• **What you need to do**
Word for word, the data below must be repeated in full; no picture is to be included.

• **Data excerpt**

· · · · ·

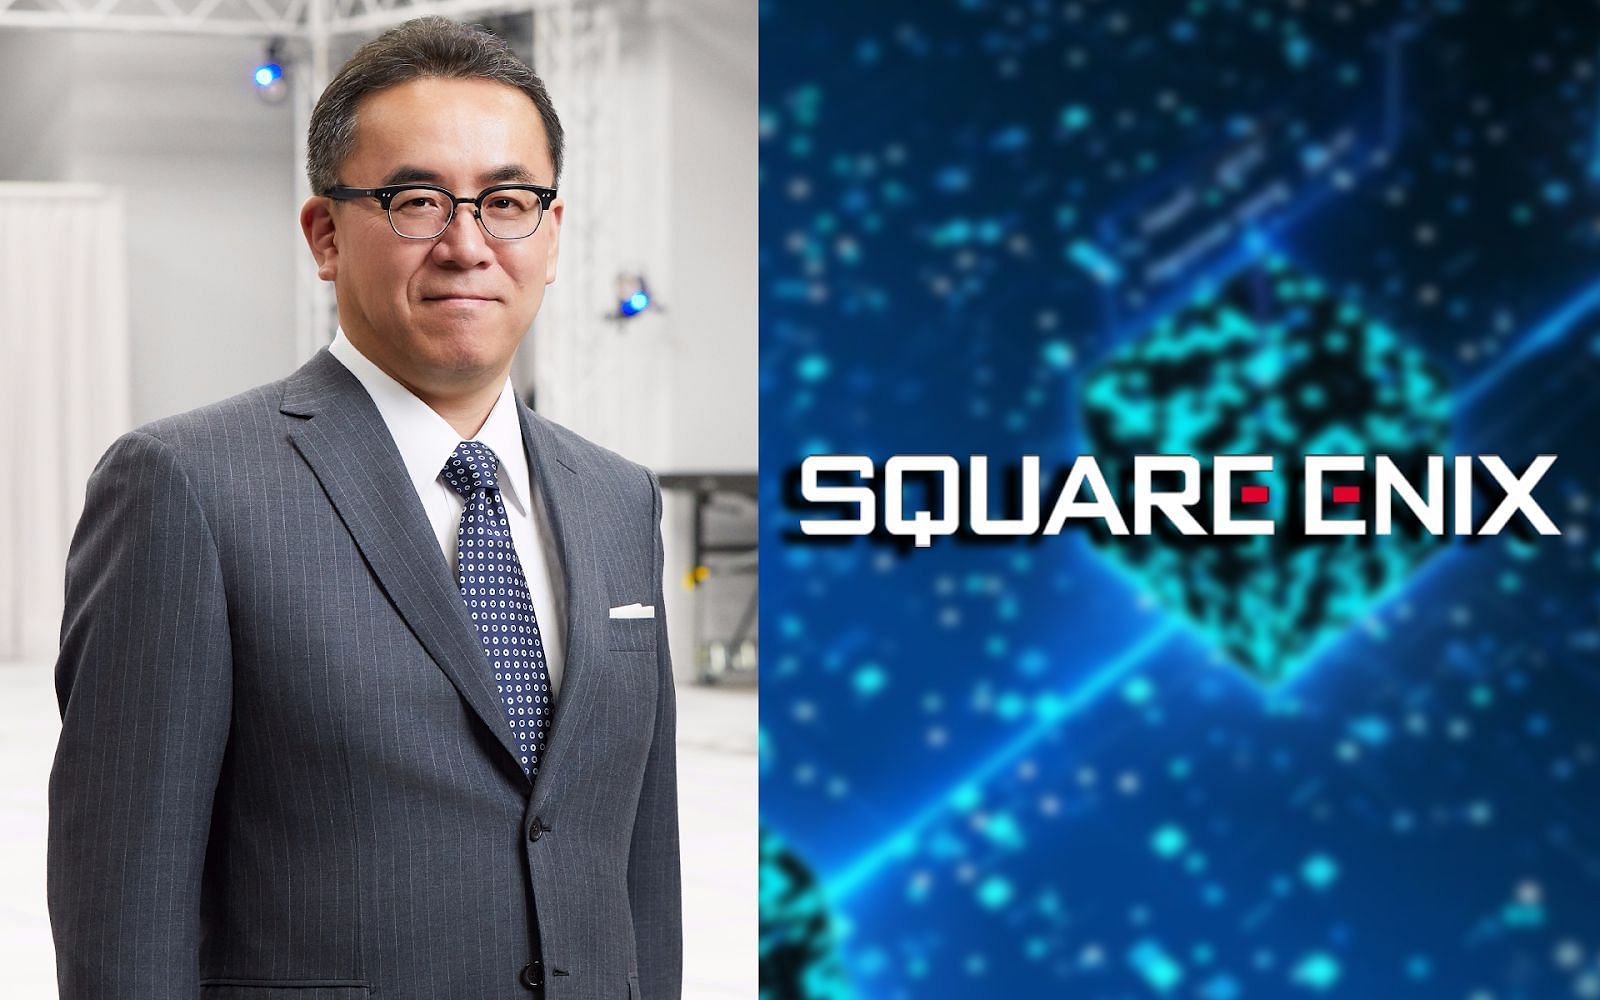 Square Enix President and CEO Yosuke Matsuda talks about Blockchain and NFTs in video games (Image by Sportskeeda)
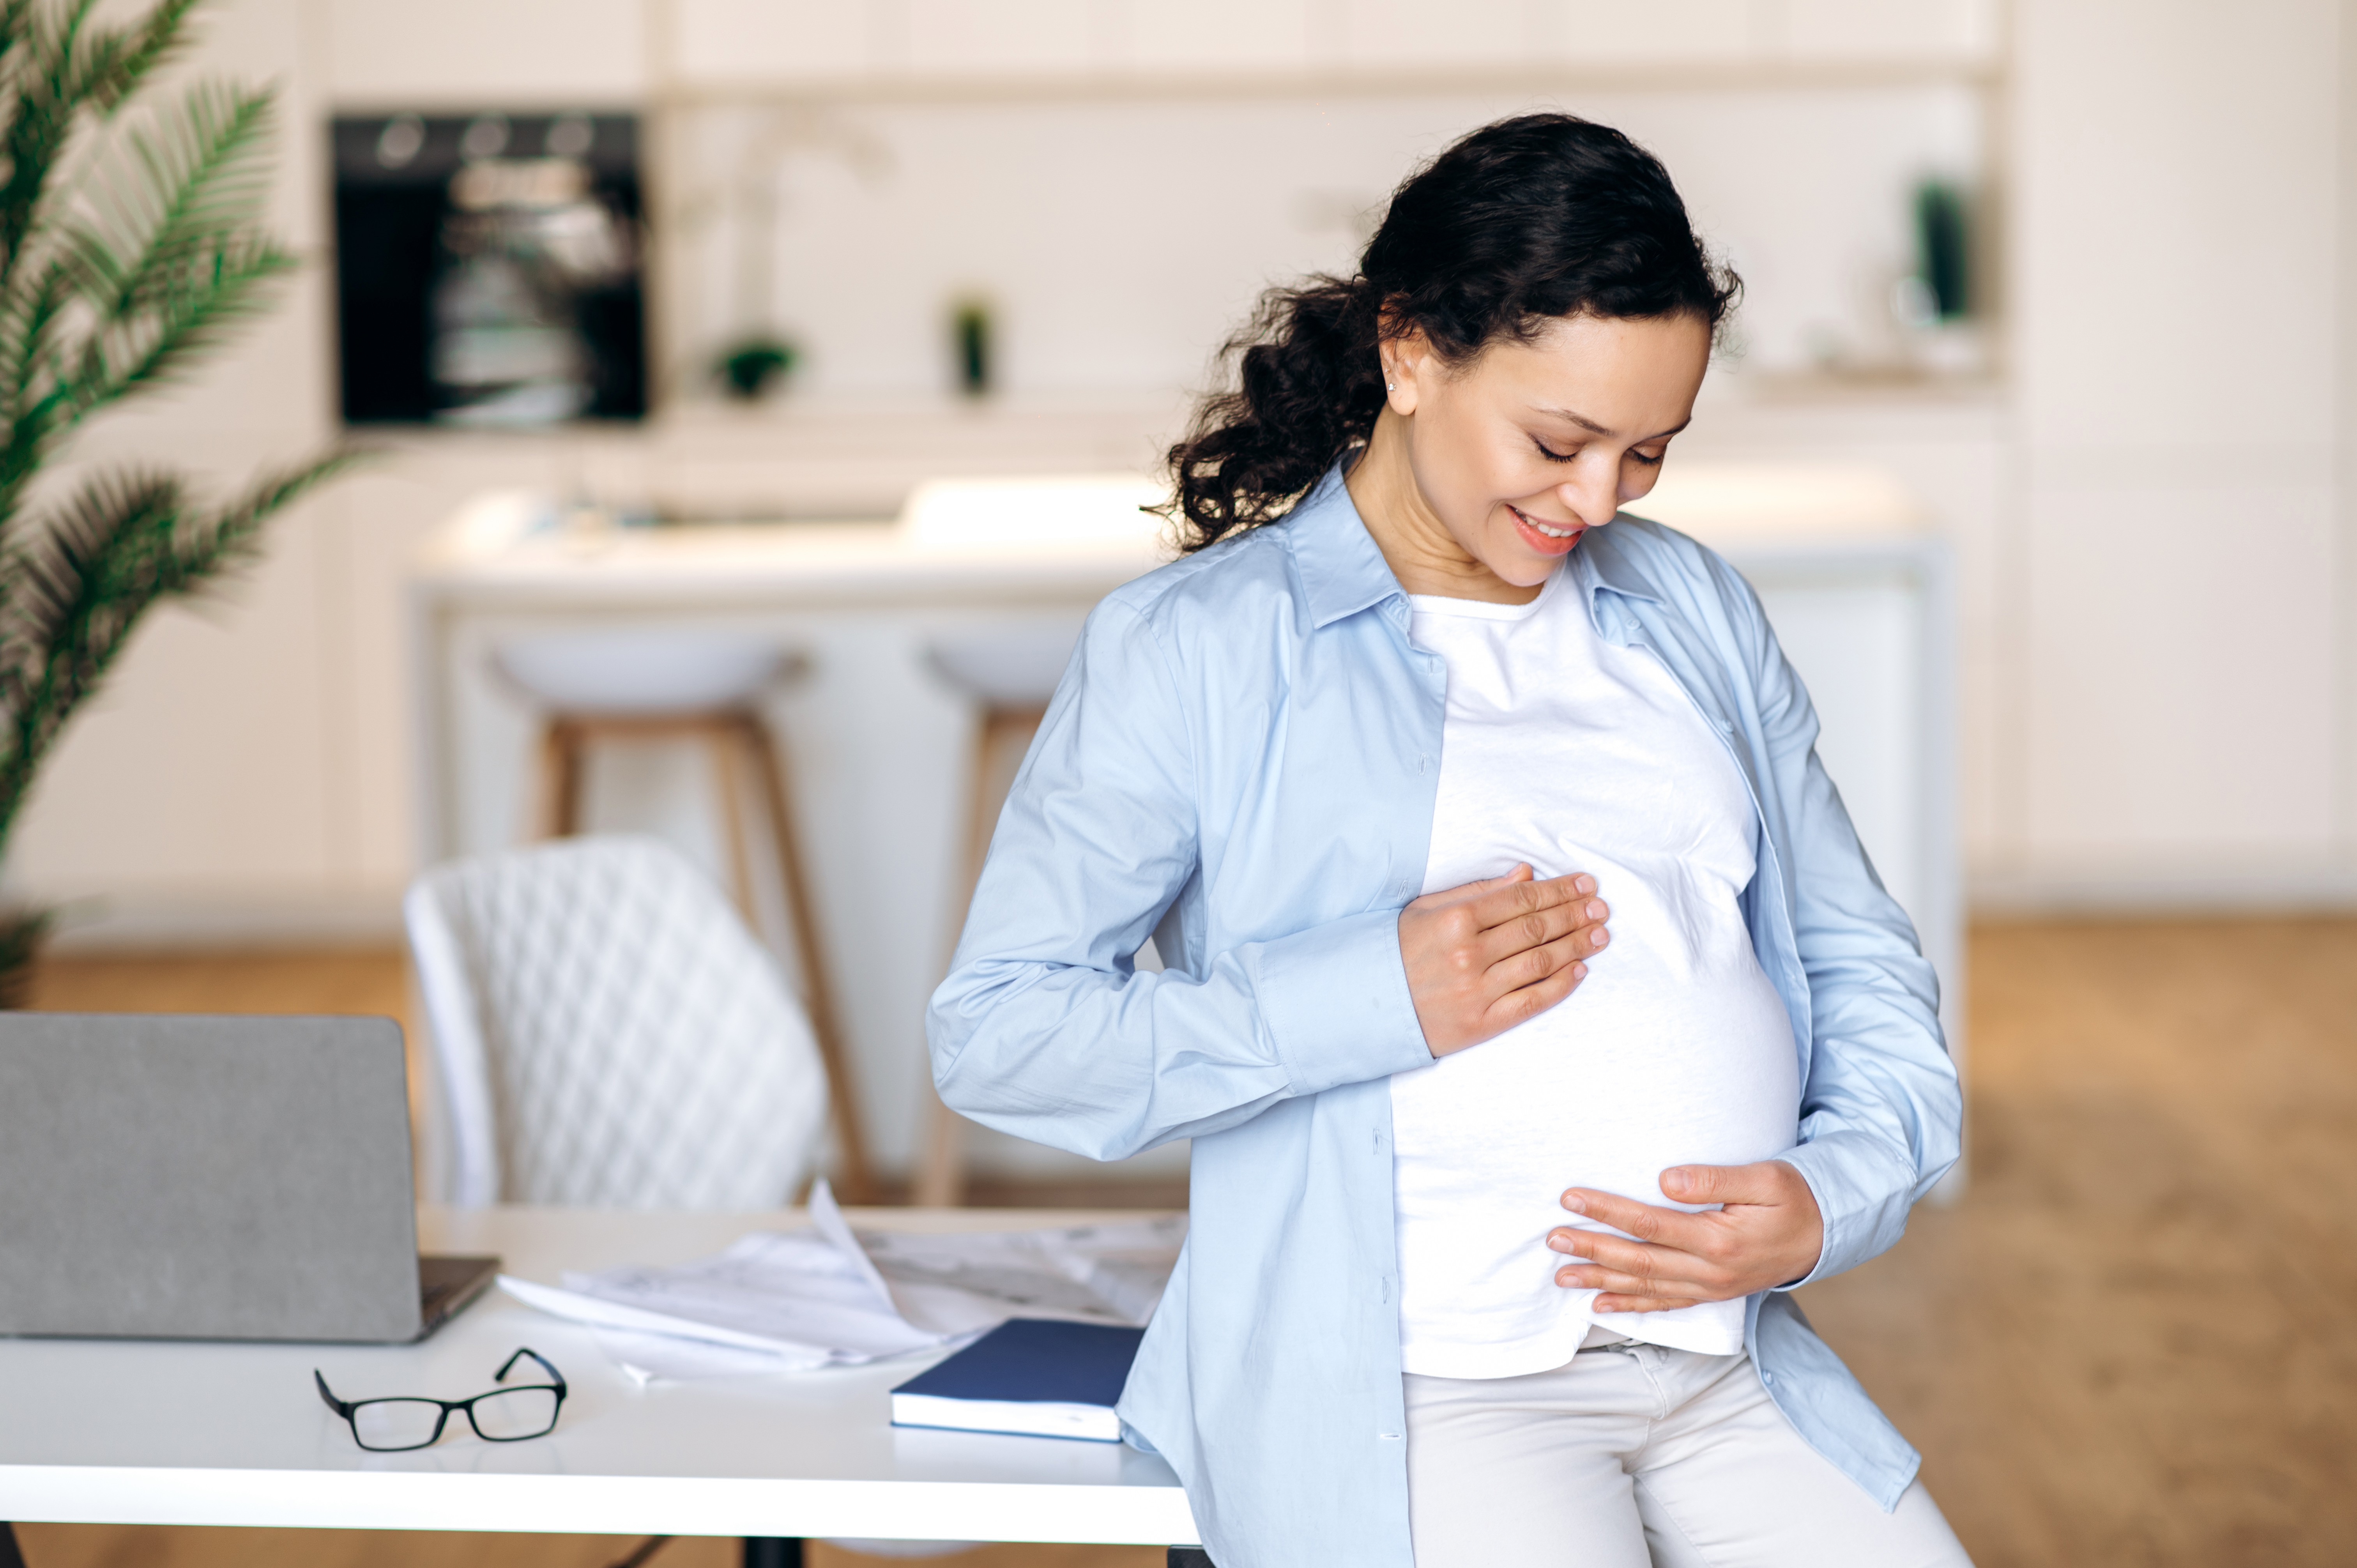 Pregnancy Discrimination in the workplace - Do's and Don't
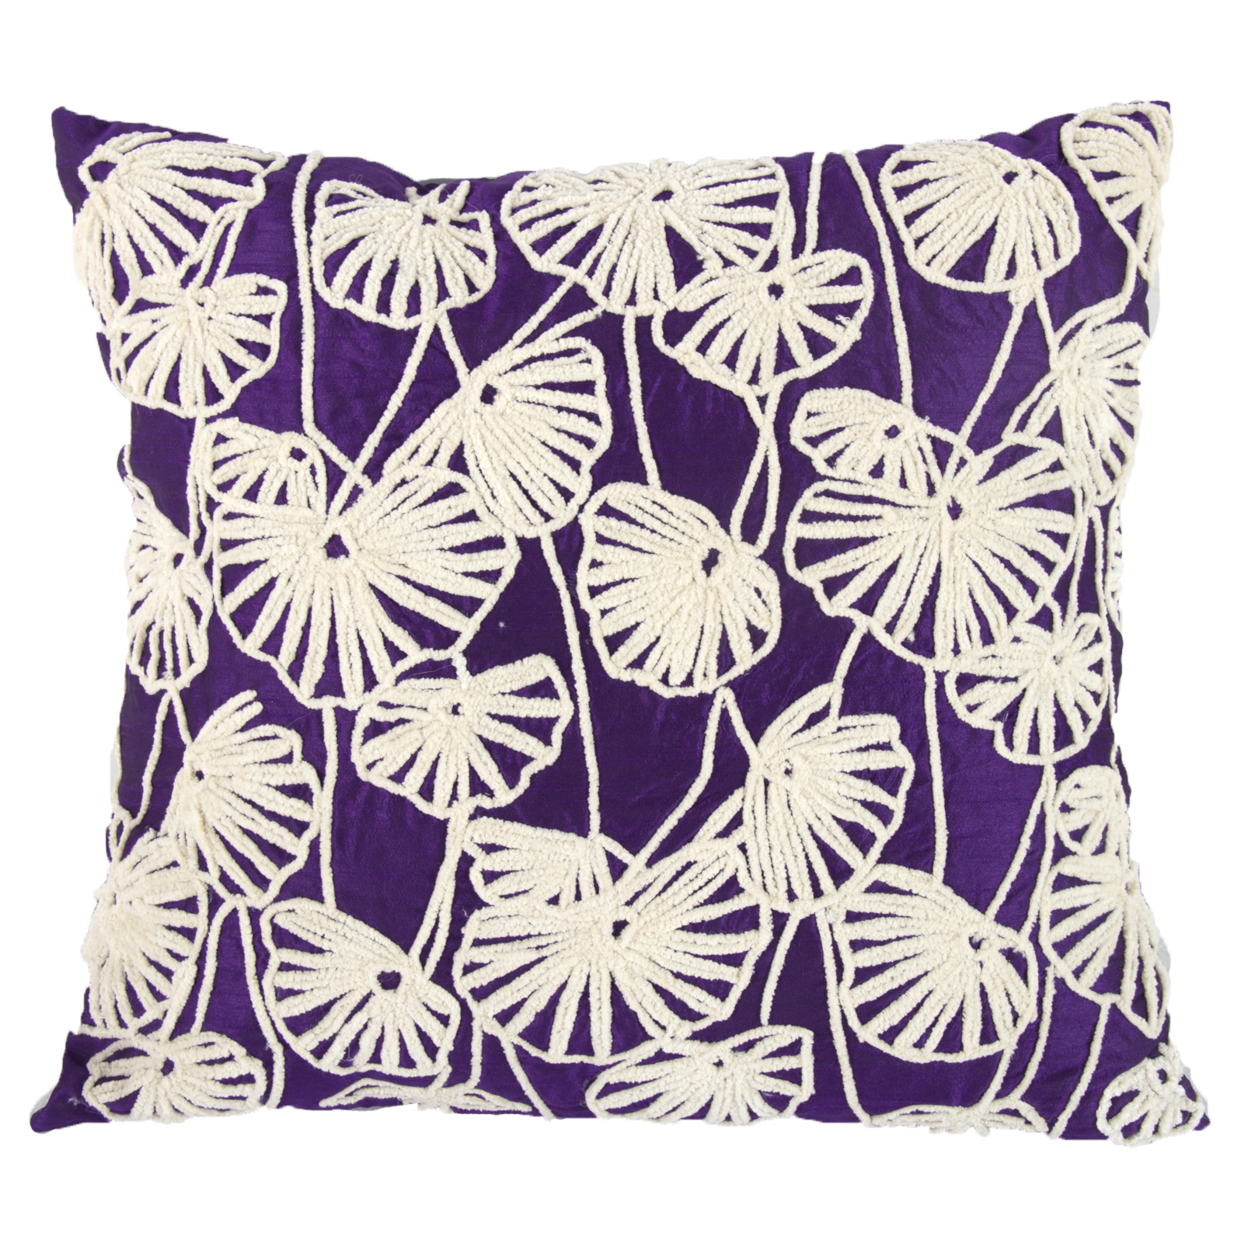 20 X 18 Inch Cotton Pillow With Dupioni Embroidery, Set Of 2, White And Purple- Saltoro Sherpi

· · · · ·

• **Result for this exercise**
 Square Enix President and CEO Yosuke Matsuda talks about Blockchain and NFTs in video games (Image by Sportskeeda)
 Pregnancy Discrimination in the workplace - Do's and Don't
 20 X 18 Inch Cotton Pillow With Dupioni Embroidery, Set Of 2, White And Purple- Saltoro Sherpi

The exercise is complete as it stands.